→ **DATASET EXCERPT**:

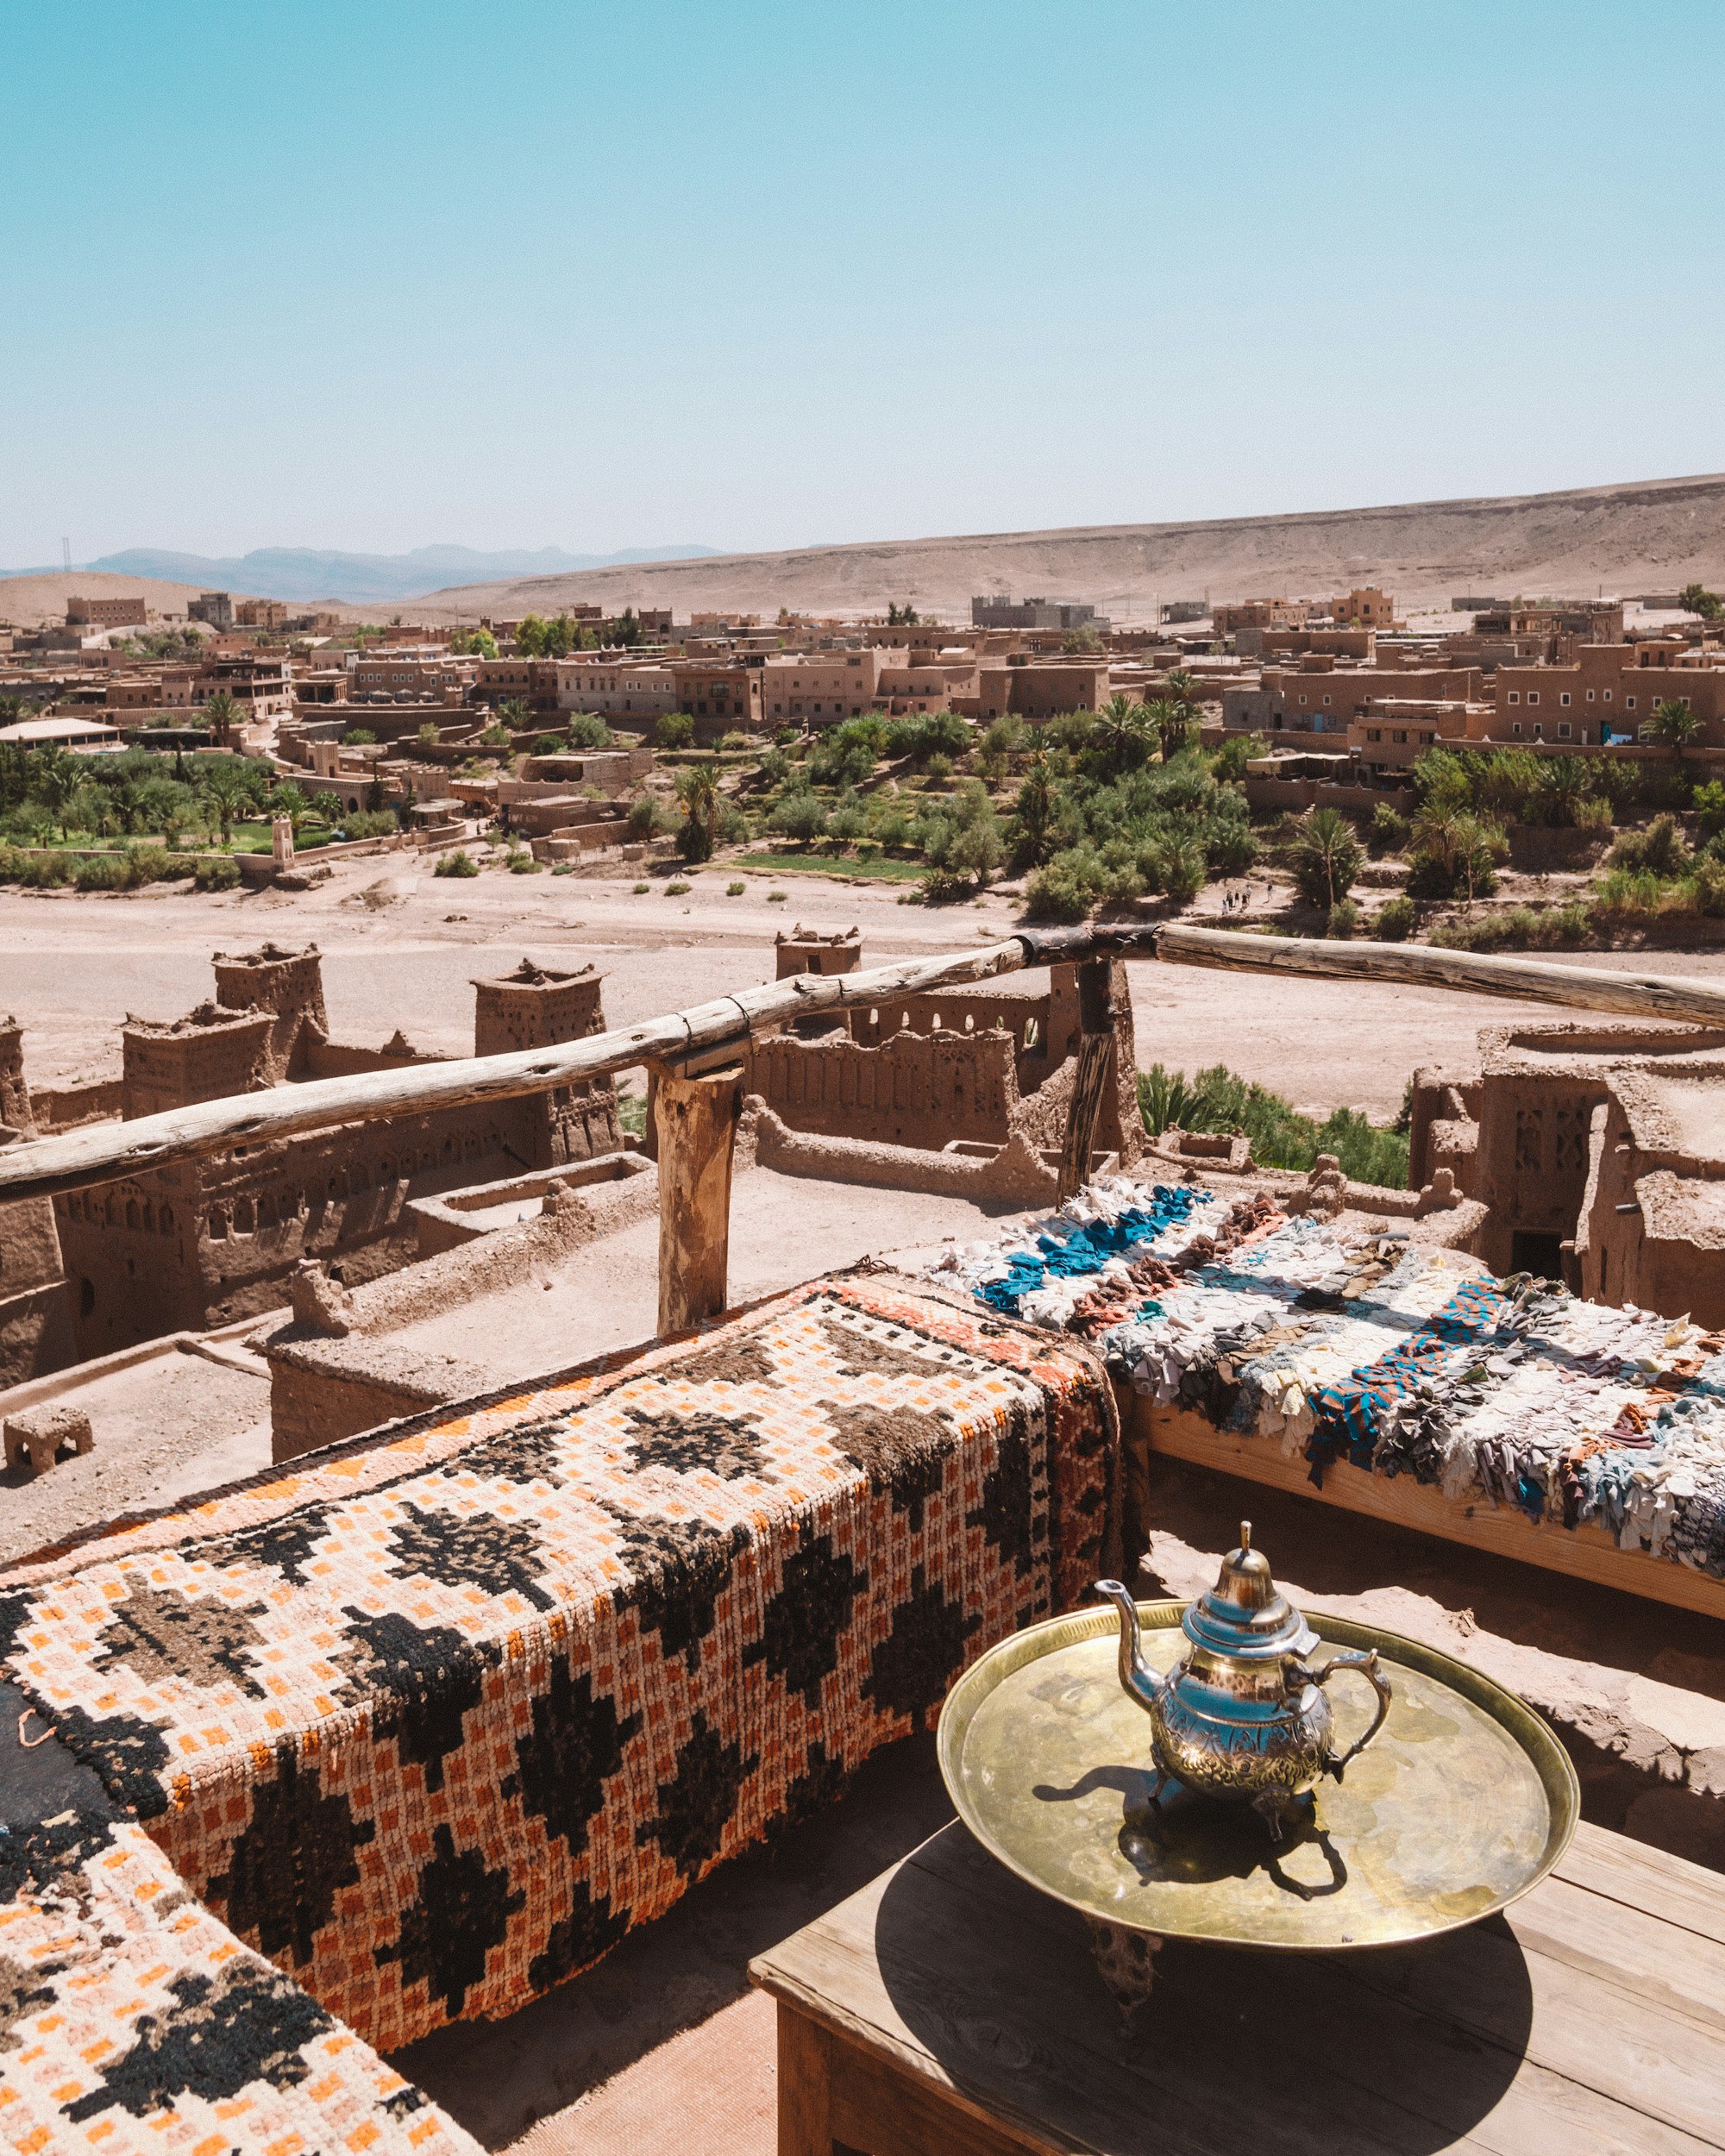 Ait benhaddou in Morocco
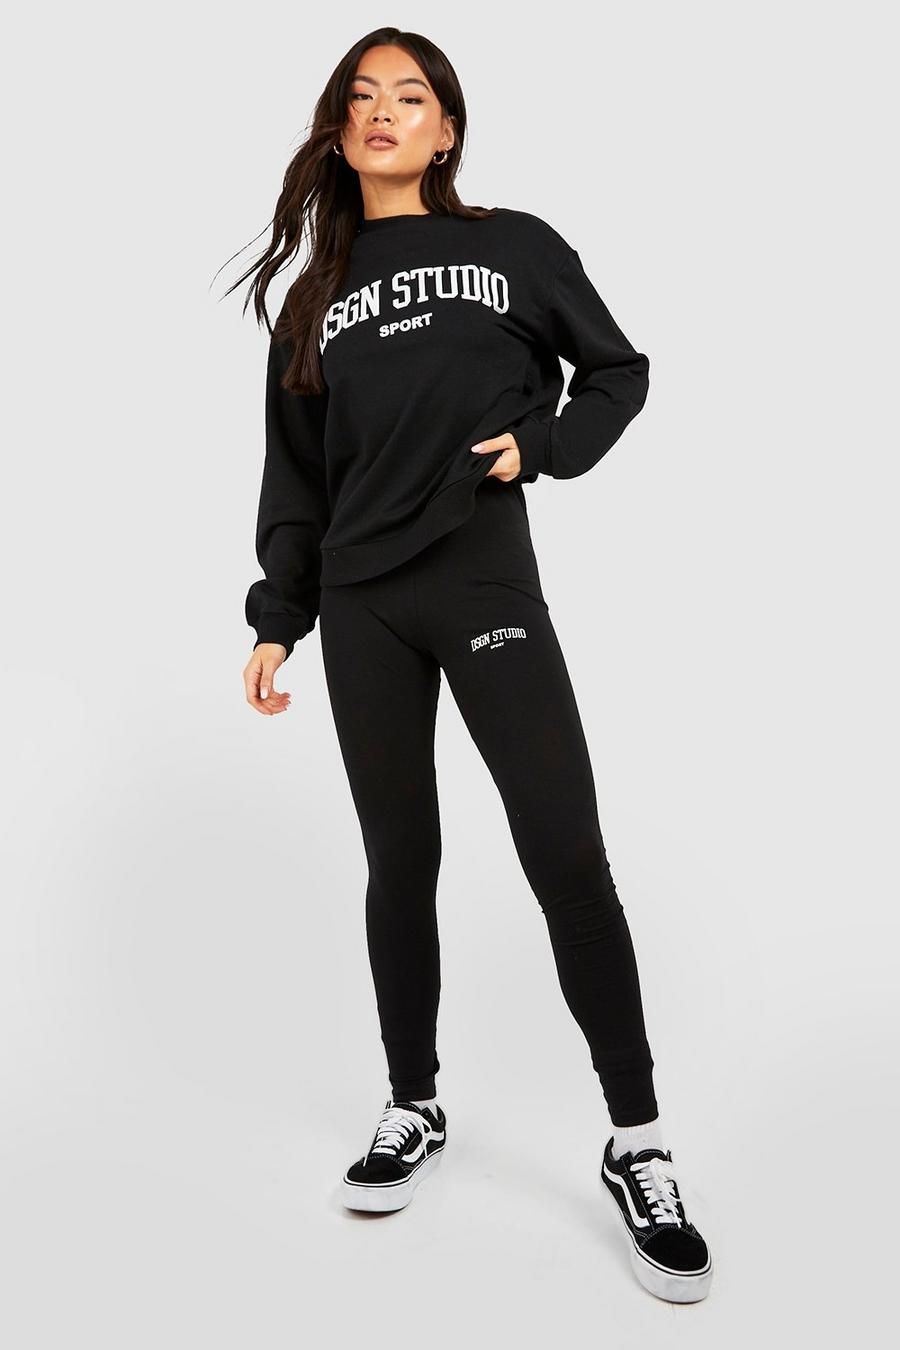 Black Dsgn Studio Sport Sweater Legging Tracksuit 
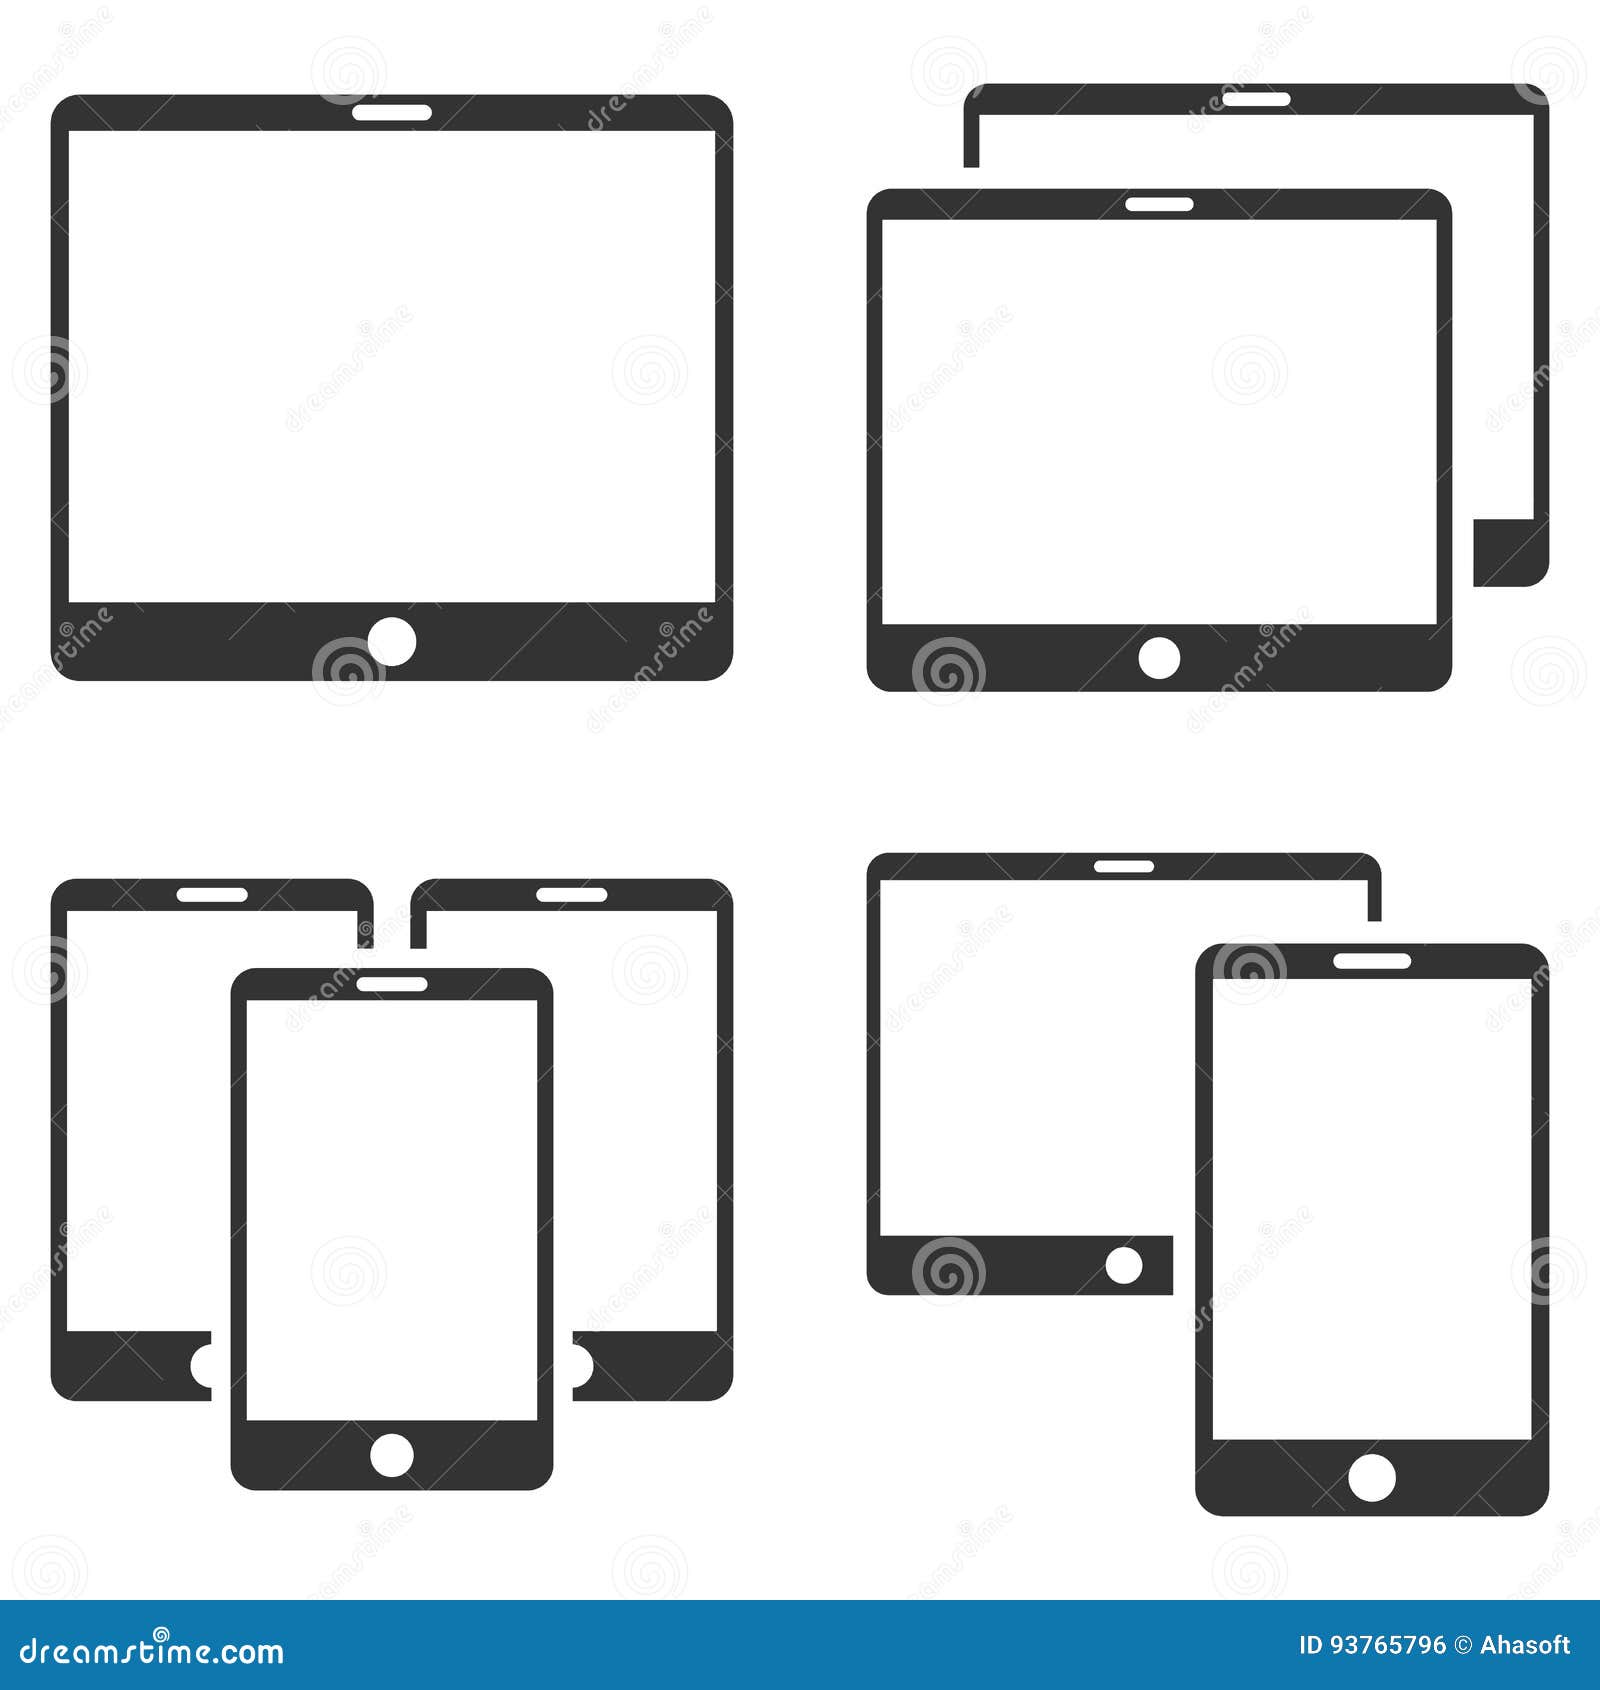 mobile device  flat icon set
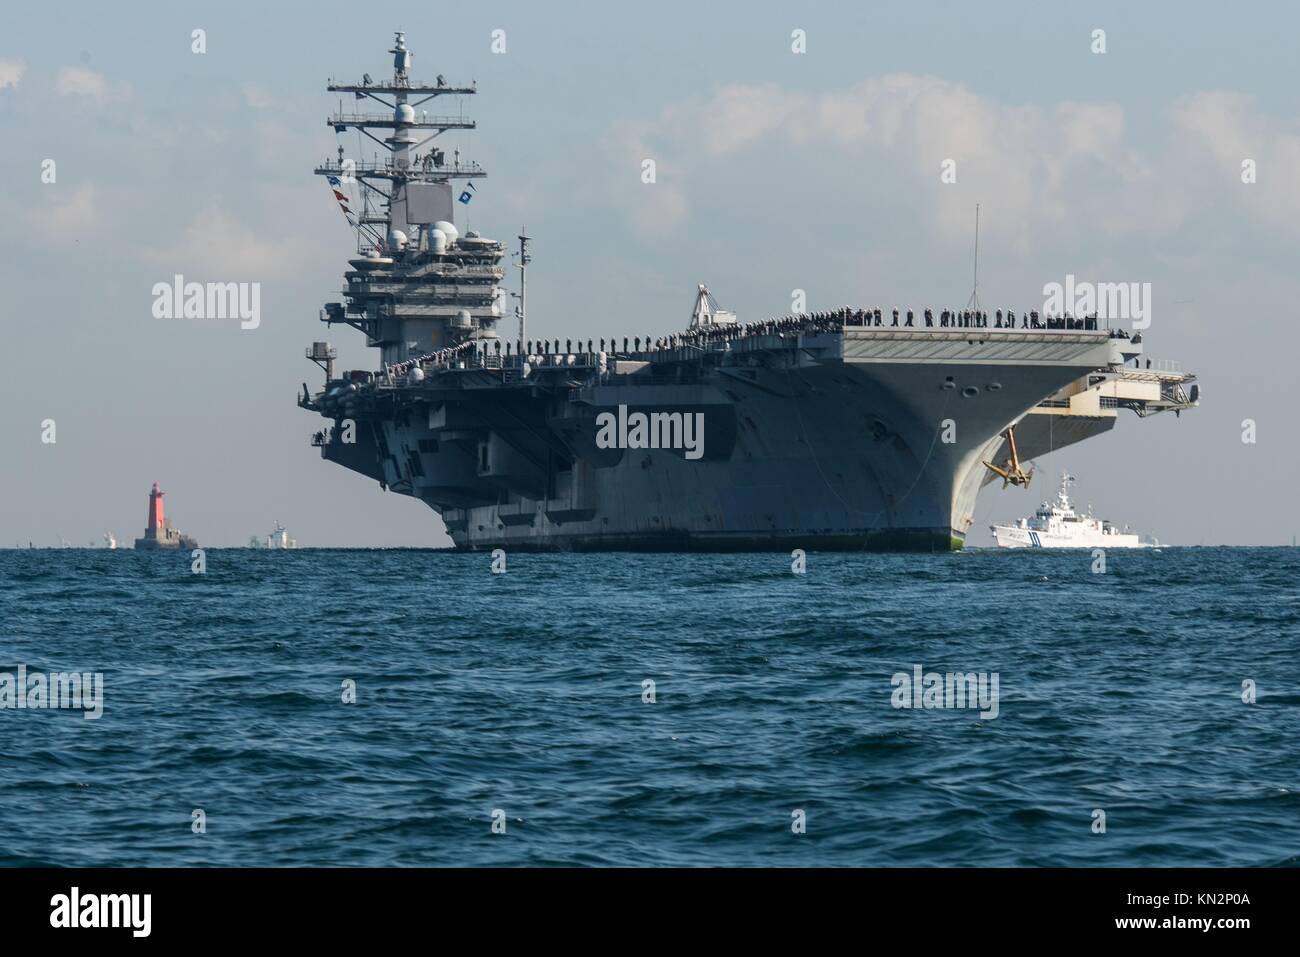 U.S. Navy sailors man the rails as the U.S. Navy Nimitz-class aircraft carrier USS Ronald Reagan arrives at Fleet Activities Yokosuka December 4, 2017 in Yokosuka, Japan.  (photo by Janweb B. Lagazo via Planetpix) Stock Photo

→ **ASSIGNED TASK**: Lines from the one containing "Black Dsgn Studio" through the end of the material above must be reproduced exactly; pictures must not be.

→ **TASK SOLUTION**:
 Black Dsgn Studio Sport Sweater Legging Tracksuit 
 mobile device  flat icon set
 U.S. Navy sailors man the rails as the U.S. Navy Nimitz-class aircraft carrier USS Ronald Reagan arrives at Fleet Activities Yokosuka December 4, 2017 in Yokosuka, Japan.  (photo by Janweb B. Lagazo via Planetpix) Stock Photo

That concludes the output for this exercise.